UNICEF Jordan has been applying best practice from ‘smart city’ innovations in refugee camps, including an Uber-inspired system to optimize waste water management.

by Eva Kaplan, Innovations Specialist

Don’t be fooled by the name — refugee camps are no campsites, but more like pop-up municipalities. Housing tens of thousands of people (sometimes for decades), they have the same infrastructure requirements as any city, just with fewer resources and less time to develop them.

The humanitarian system has gotten fairly good at setting up and managing these camps, while constantly striving to do better. Perhaps this is best demonstrated in Jordan’s Za’atari camp, home to 80,000 Syrian refugees. In Za’atari, UNICEF Jordan takes the lead on water and sanitation, education, nutrition, and child protection. We use a “smart city” approach to all our operations.

Caution: nerd alert.
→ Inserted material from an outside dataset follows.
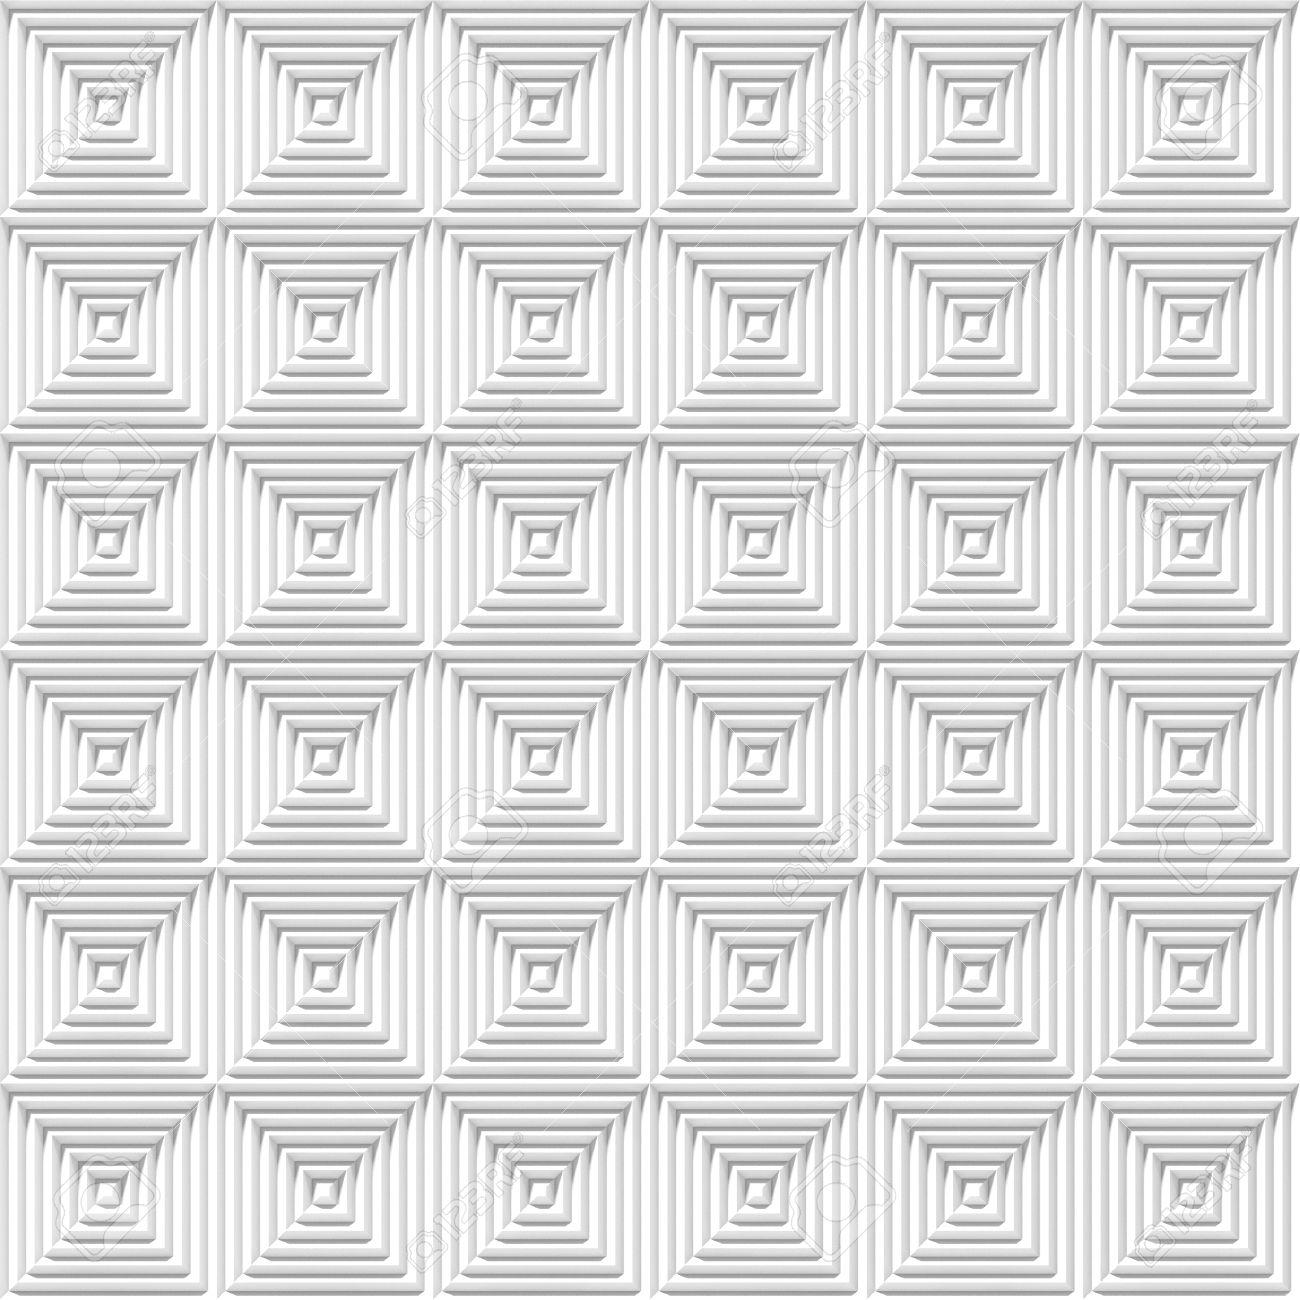 Textura Blanca Sin Costuras Gris. Fondo Moderno De La Trama. Puede ...
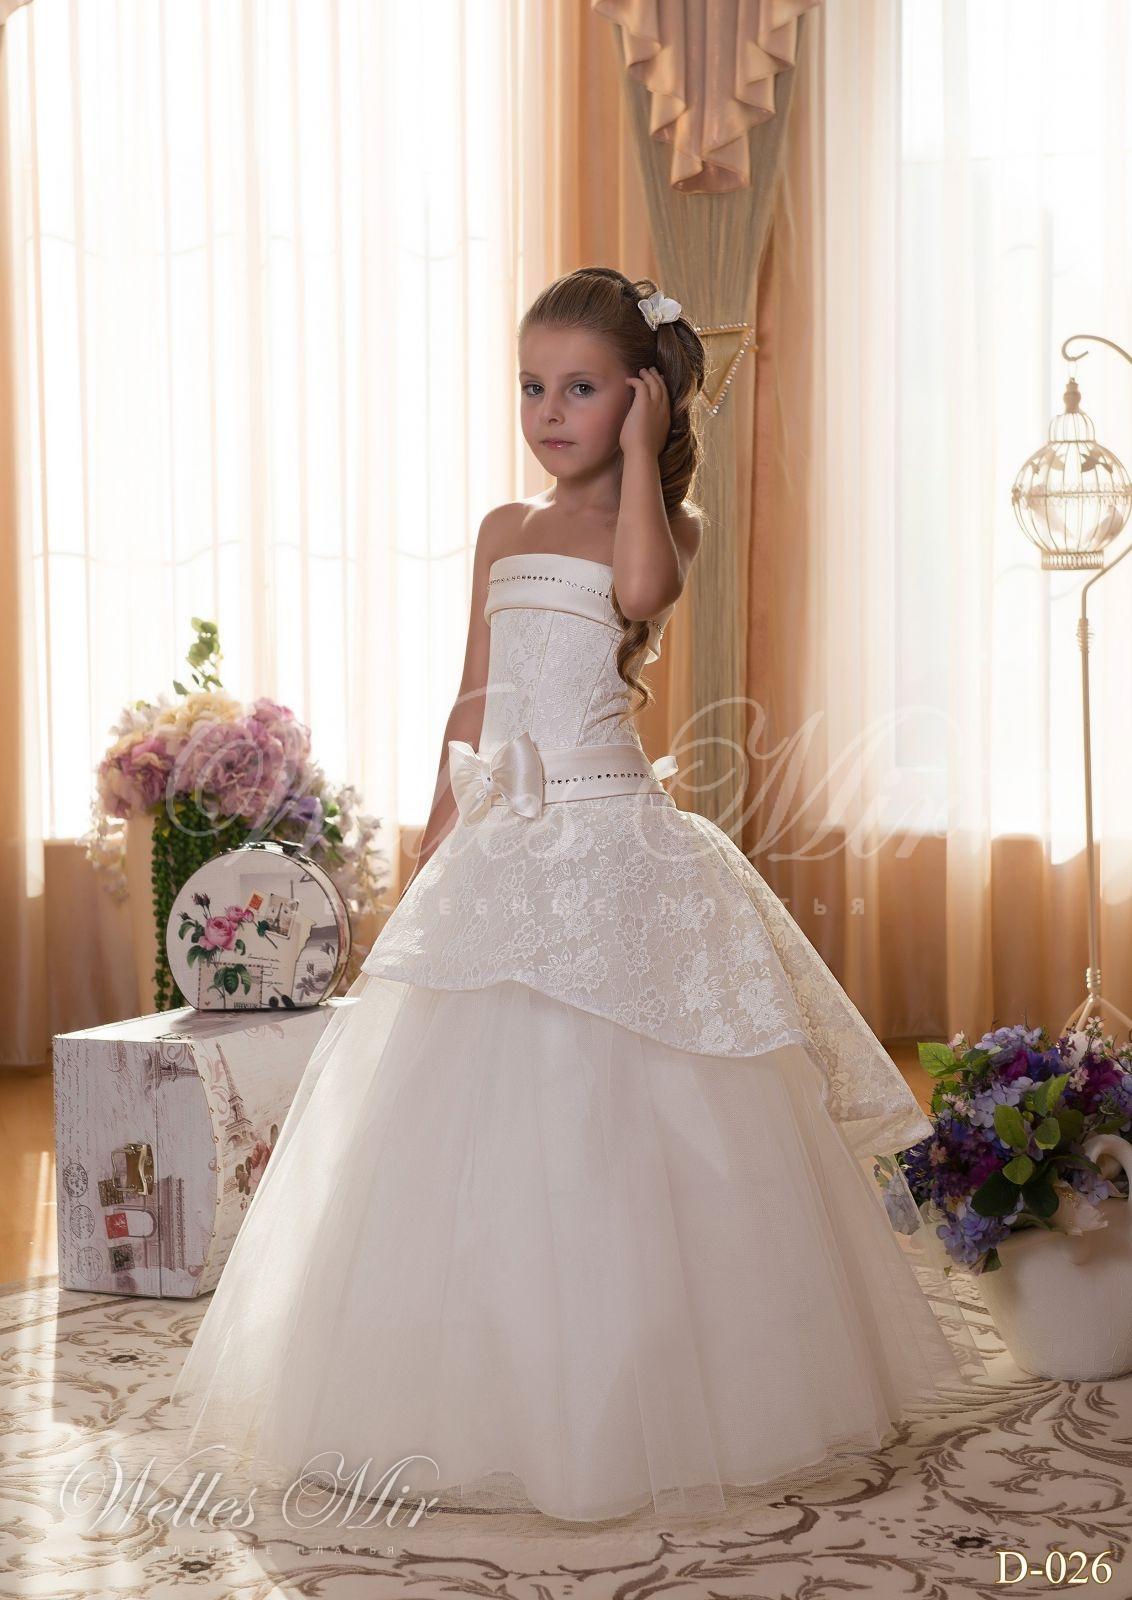 Детские платья Детские платья 2015 - D-026

This blog is about technology and data science, and there is no way to describe it without getting into the weeds.

But before we do, compare and contrast the above two pictures: On the left is my hometown of Portland Maine. Portland is a north-eastern US, a 400-year old city with 66,000 inhabitants. On the right is the Za’atari refugee camp in Jordan, population 80,000, established in 2012.

Despite very different histories and appearances, the same infrastructure makes each liveable, including a water and sewage system, law enforcement, schools, power grid, etc. Refugee camps could better be thought of as “pop-up municipalities” because all of the services a city needs, a refugee camp also needs. In Za’atari, we don’t have the luxury of 400 years of evolving service delivery systems, but we do have decades of experience from other crises. And we constantly strive to do better.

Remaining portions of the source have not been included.